Task
Pictures are to be dropped. Everything else in the listing gets copied exactly.

Exercise data
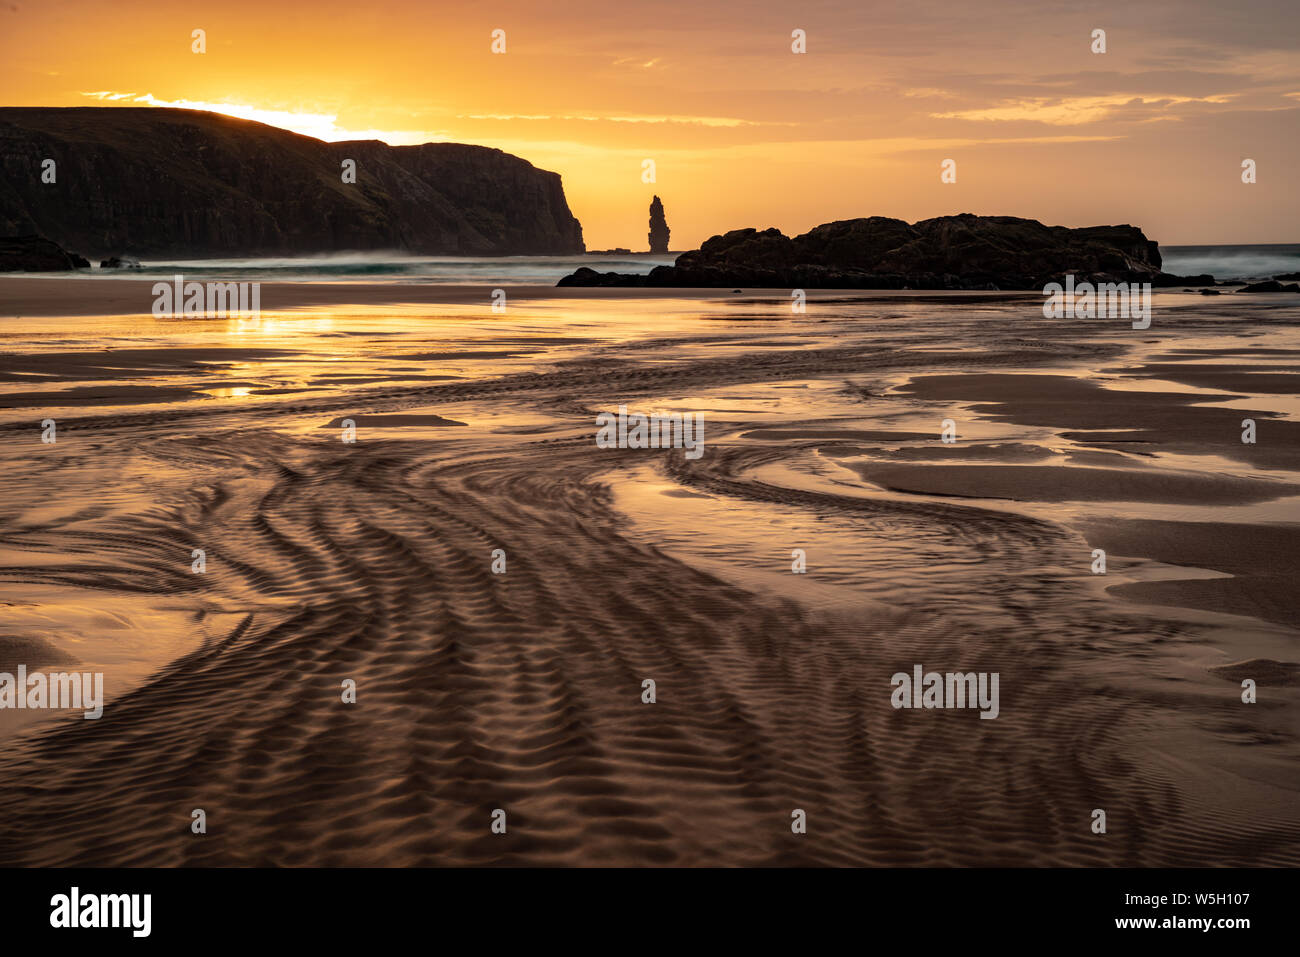 Am Buachaille sea stack at sunset, Sandwood Bay, Sutherland, Scotland, United Kingdom, Europe Stock Photo
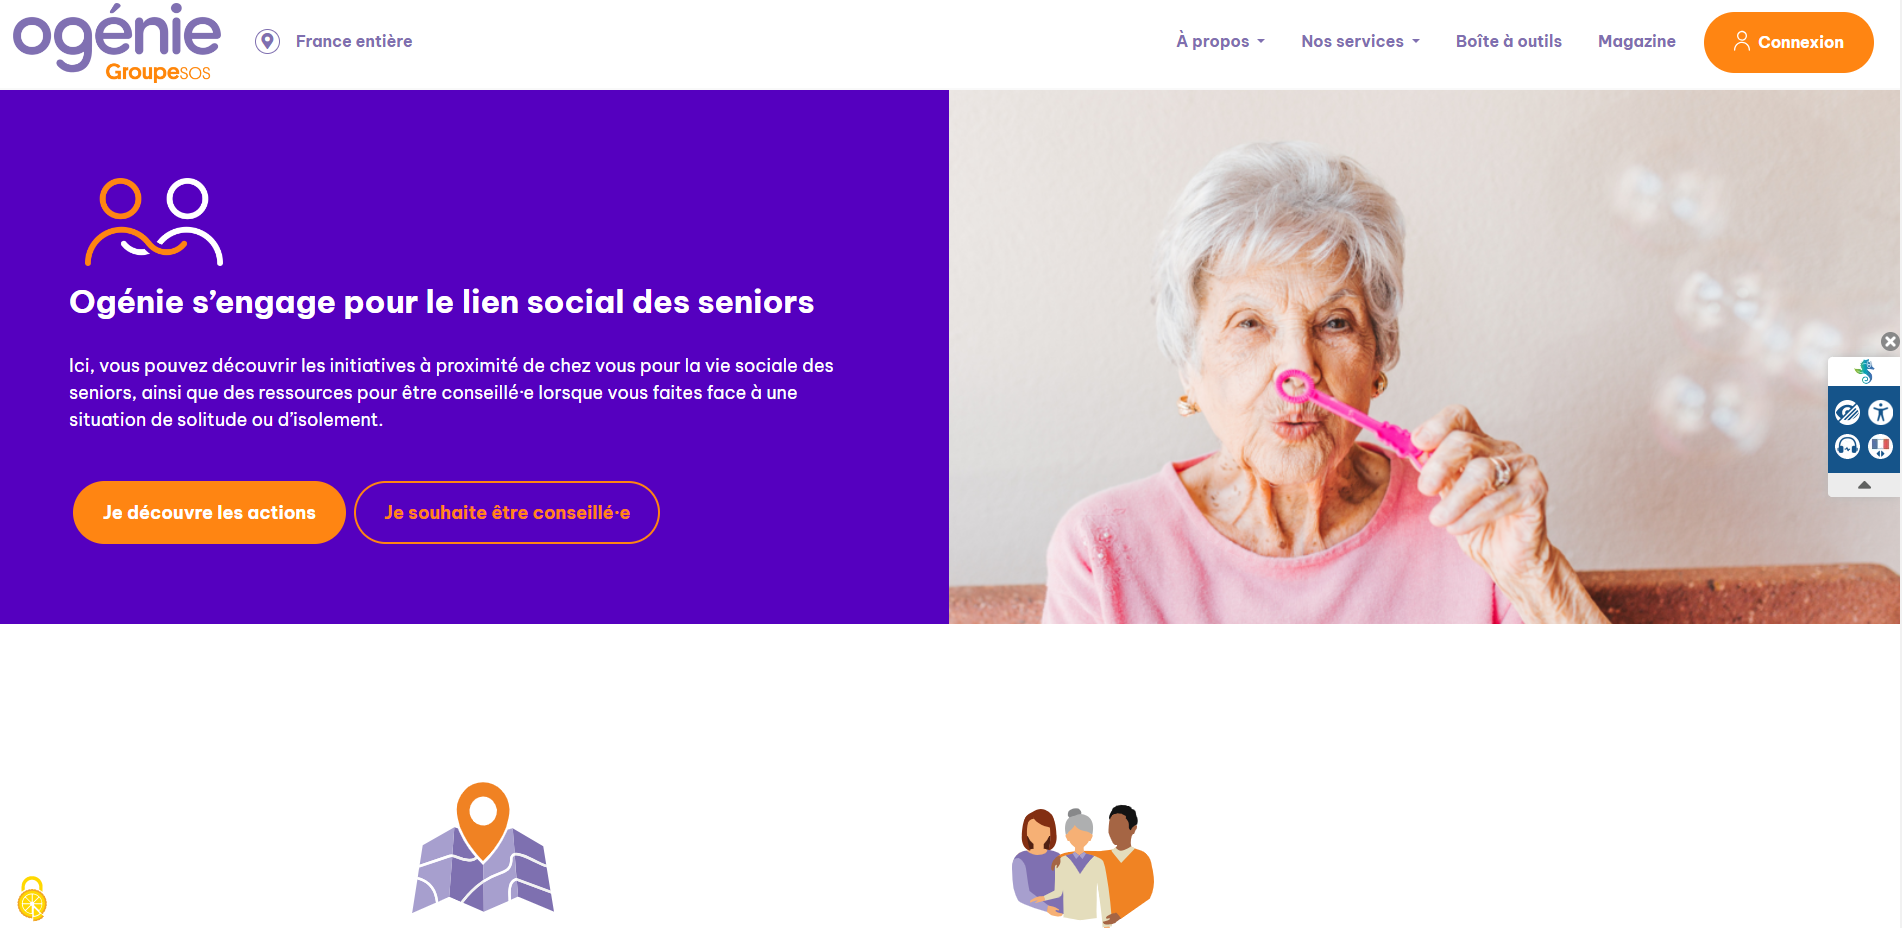 Ogenie.fr, le site pour la vie sociale des seniors, fête ses 8 mois de lancement en Seine-Saint-Denis !
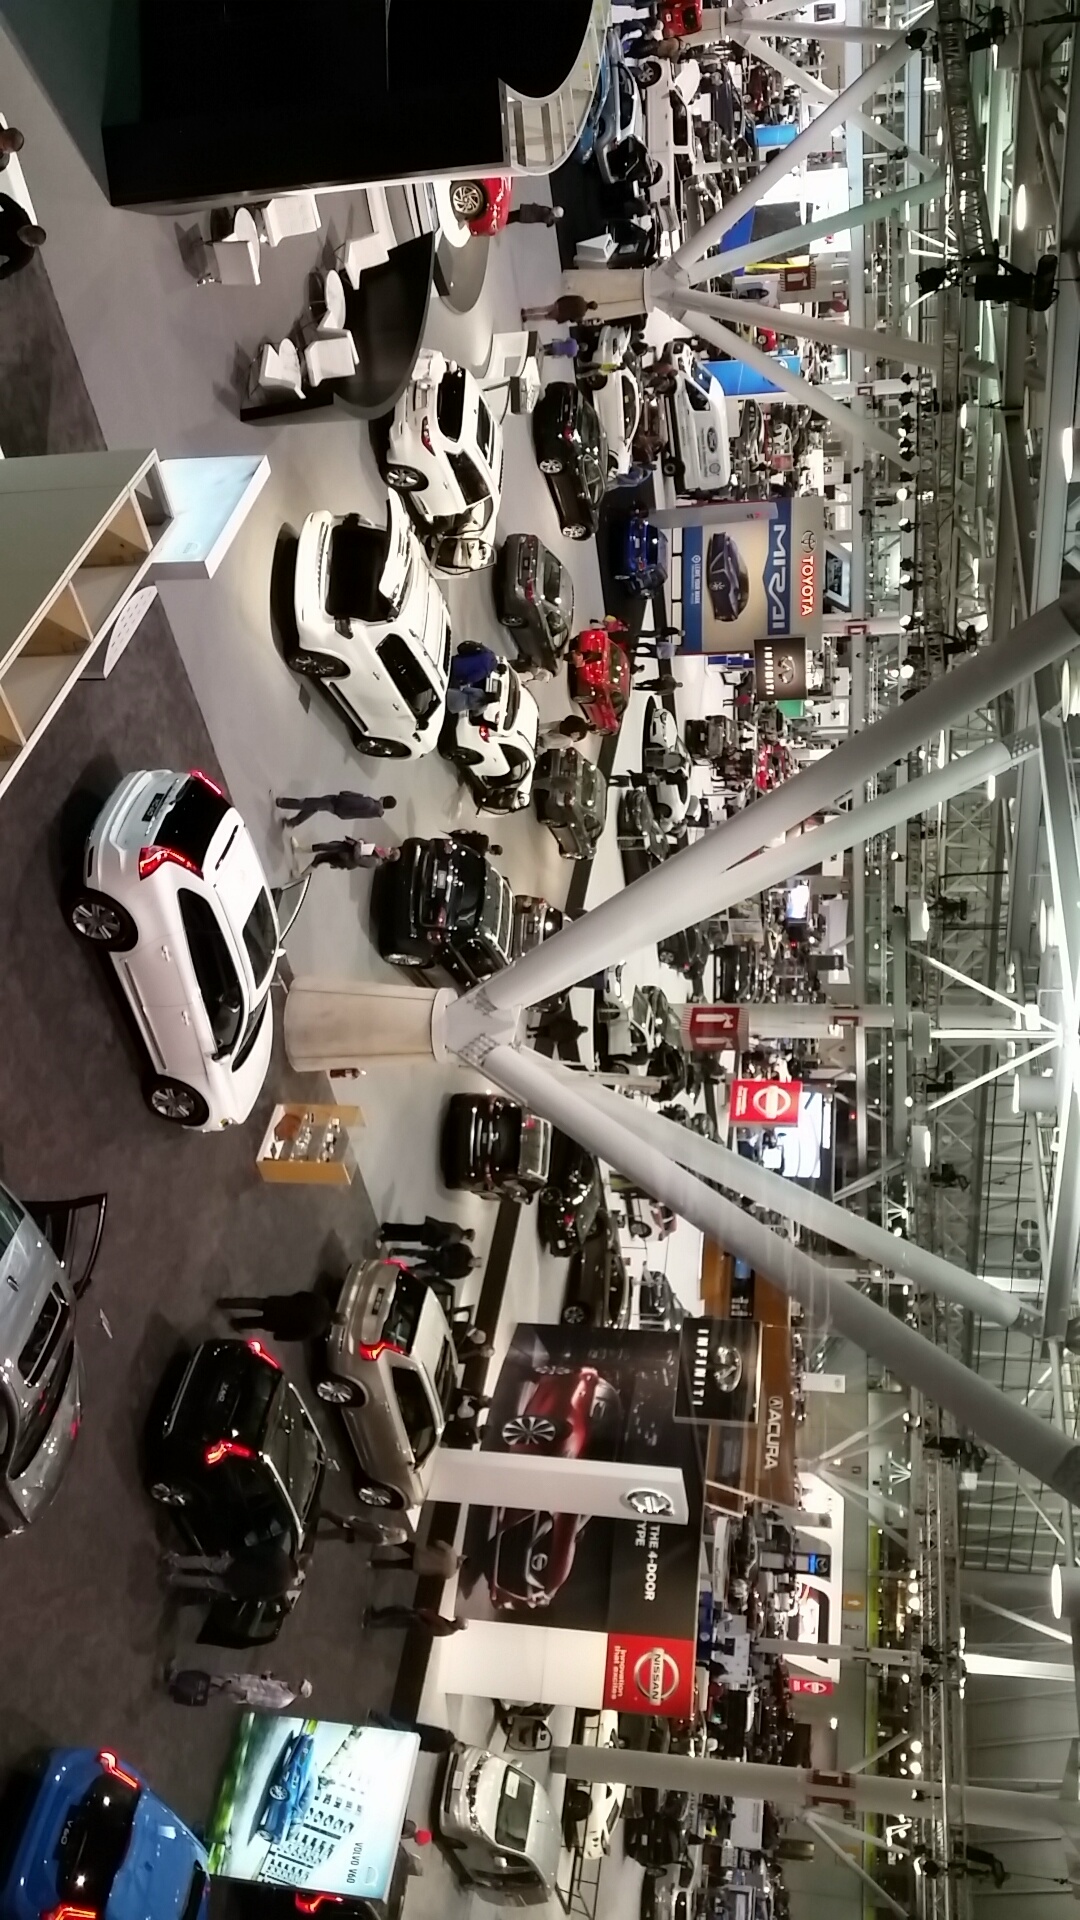 The Boston Auto Show 2016

Result
 Am Buachaille sea stack at sunset, Sandwood Bay, Sutherland, Scotland, United Kingdom, Europe Stock Photo
 Ogenie.fr, le site pour la vie sociale des seniors, fête ses 8 mois de lancement en Seine-Saint-Denis !
 The Boston Auto Show 2016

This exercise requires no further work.